As we enter this month of “love“ , my thoughts quickly turn to dating, being single and most importantly- being a mom (who just so happens to be single).
I have reached my thirties, have a beautiful daughter, a nice home and make a decent living. In comparing my life as a single woman without a kiddo to my current life as a single woman with a kid, I see the differences between what I want, what I need, and the healthy balance between the two. However, I don’t have one thing -a husband. Unfortunately, I have friends who tend to remind me about my non-husband factor.
These friends feel with each closer move to the 40 club, there is an pressing need for me to be married -hence the dating game aka the “set up” commences. Don’t get me wrong, I am in no way opposed to being set up on a blind date. What I am opposed to is the attempt to set me up based solely on a number soon approaching. I am opposed to comments such as, “You’re not getting any younger”; “You’re so picky and won’t ever get married”; or my favorite “He’s not all that attractive but no one is at your doorstep sooo…”. Yes, these are just a few of the insensitive lines I get to hear. They even go so far as to say, “I thought you would’ve been married by now.” -as if they are questioning what I have done wrong along the way. I have even found myself saying to one ‘friend’, “Excuse me, I didn’t know I should have kept entertaining the guy who failed to mention he had a wife!” I presume since it wasn’t the air ripped from her lungs, it’s such a hard thing to remember.

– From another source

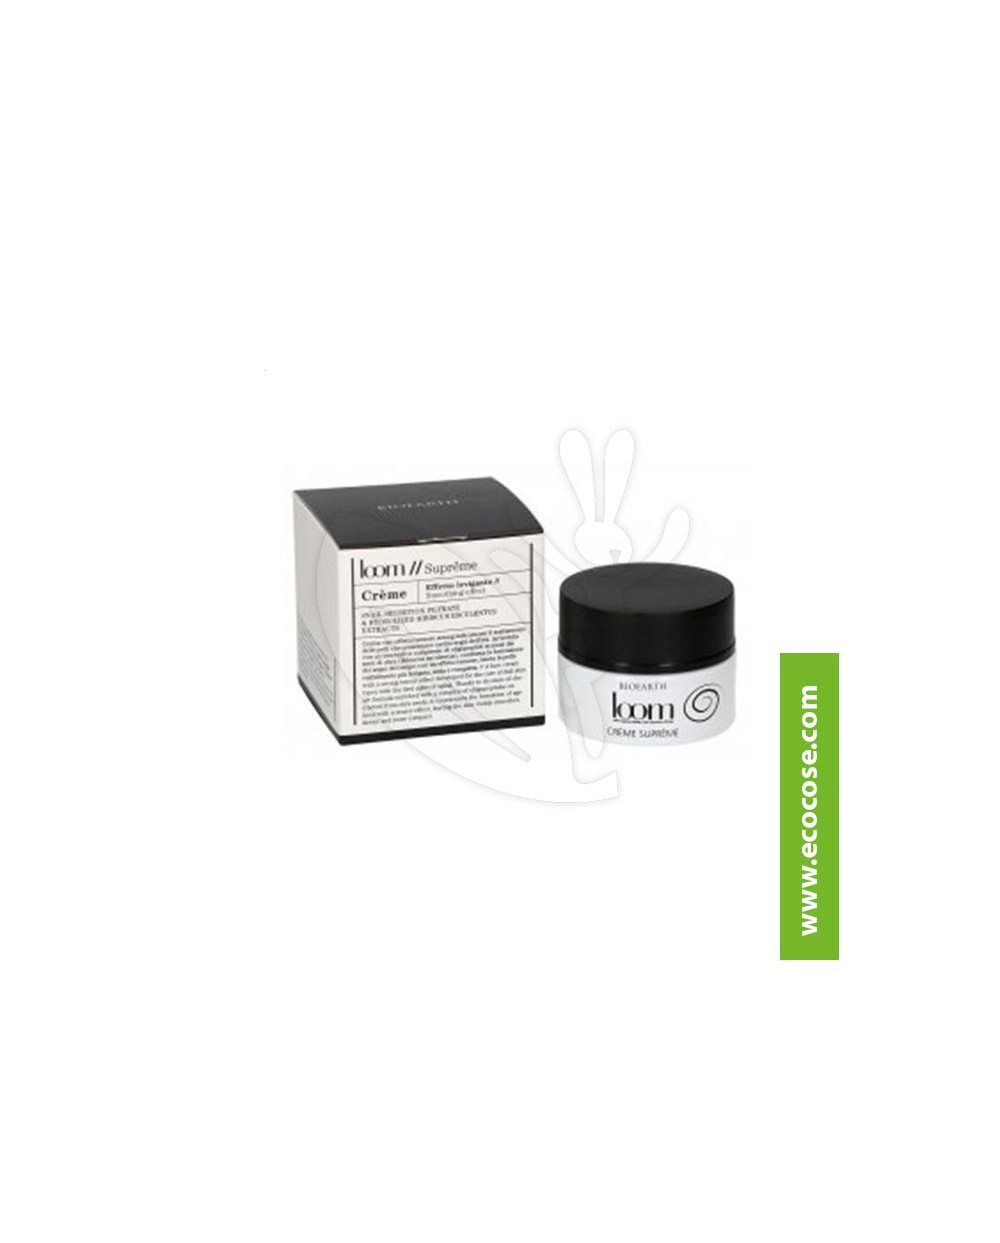 Bioearth - Loom Crème Supreme
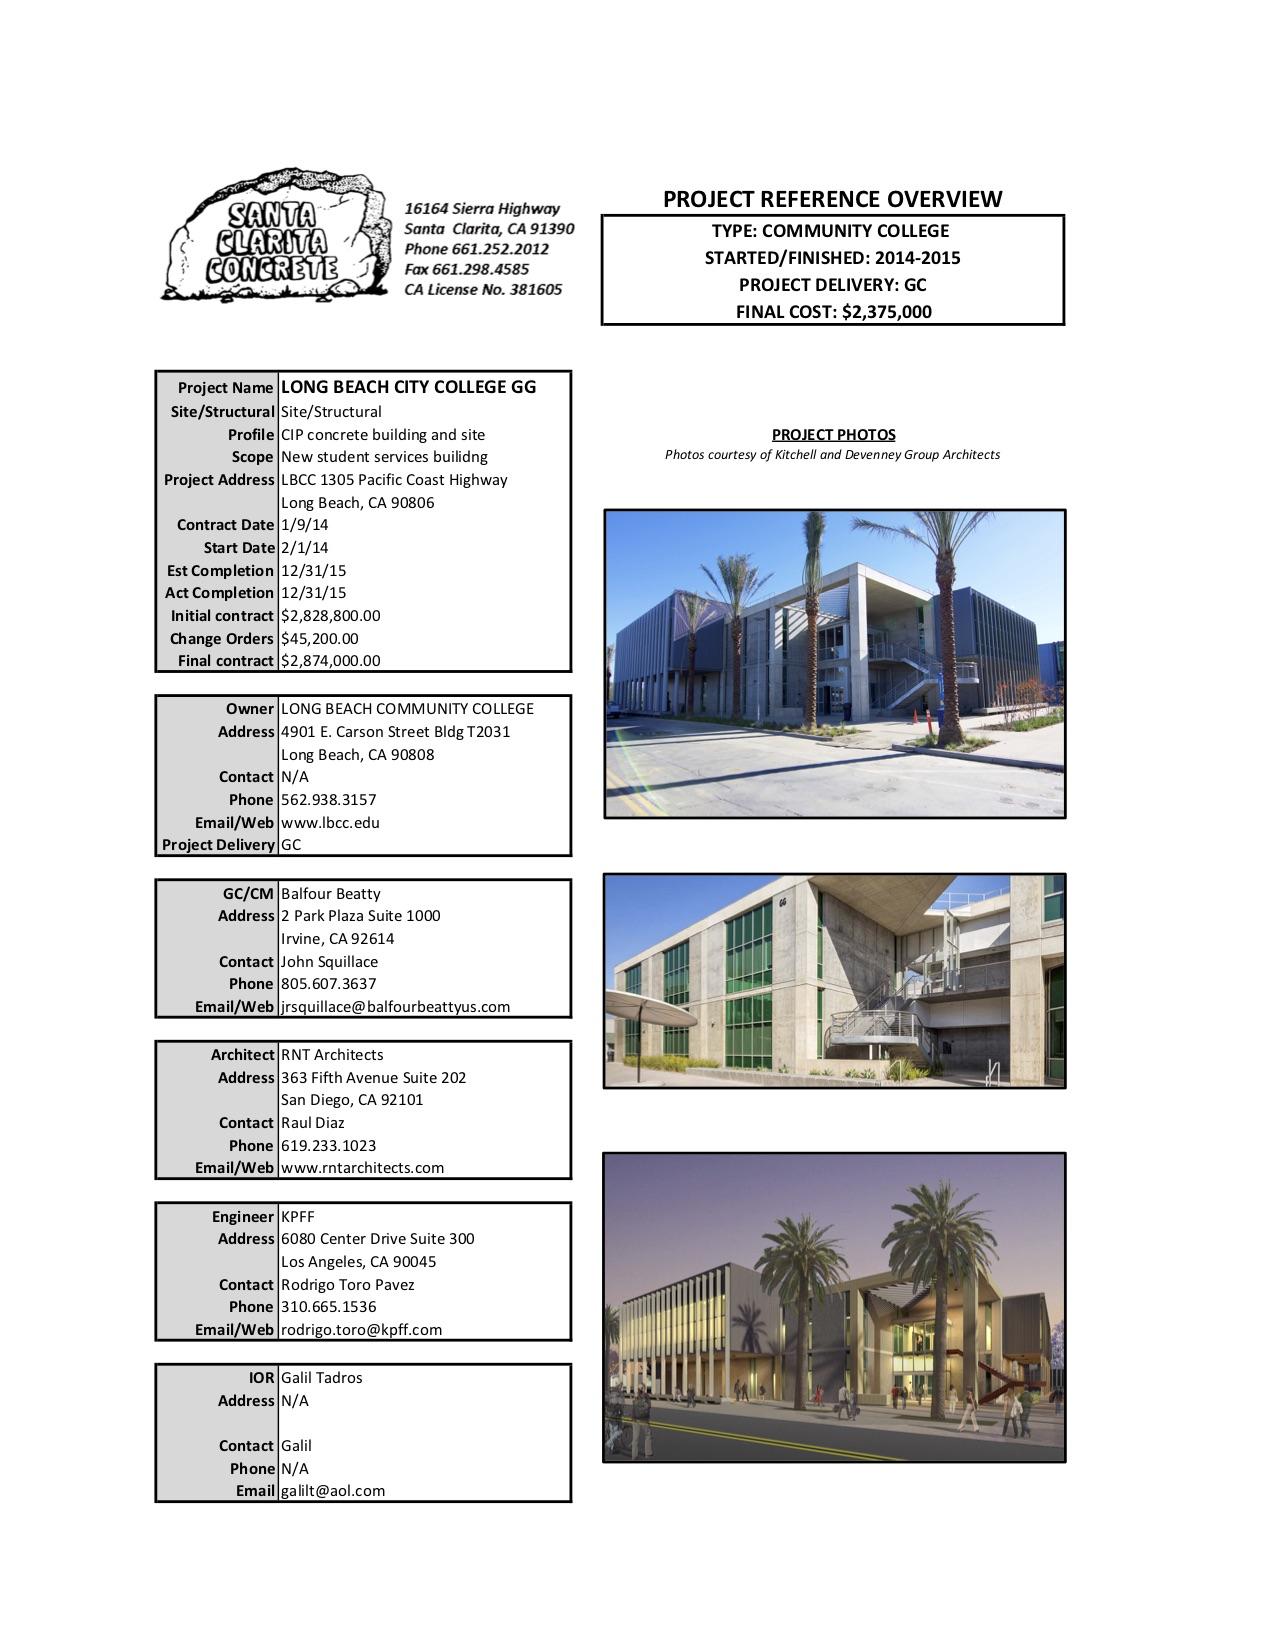 LBCC job sheet.jpg

This is what I want these “friends” to allow to resonate in their souls.
- I am not some desperate woman who will simply settle on a man with a pulse. I am first, a mom; and second to that is my being single.
- It is my daughter who is watching me and looking to me for guidance. It is my daughter whom I cherish and whom I will protect. To these ‘friends’ who think more of my age, I implore you to think less of my age and more of my child, myself, and OUR well being. Think of what will be in our best interest instead of the credit you want to take for setting the new Mr. & Mrs. ‘Us’ up or the speech you want to give at the wedding.
- Dig a little deeper in your little “Millionaire Matchmaker, Patty Stanger” set her up role and actually THINK of someone who is BEST for me and I for him.
To my friends who met their soul mates when you all were twelve years old and now are “living the dream”, I wish you the best. I sincerely do. I only ask one thing of you…
When you think of me and the next blind date/set up/match making…whatever you want to call it, think about the fact that I have a daughter watching my every move. Think about my heart and how it has been broken so many times. Now, think about the heart I have to protect (besides my own). It’s not that I have no desire to be married, but tell me…should I wait or just go on your impulsive, “she needs to get married so let me set her up” …date?
A Restyled Mom…who just so happens to be single…and willing to WAIT!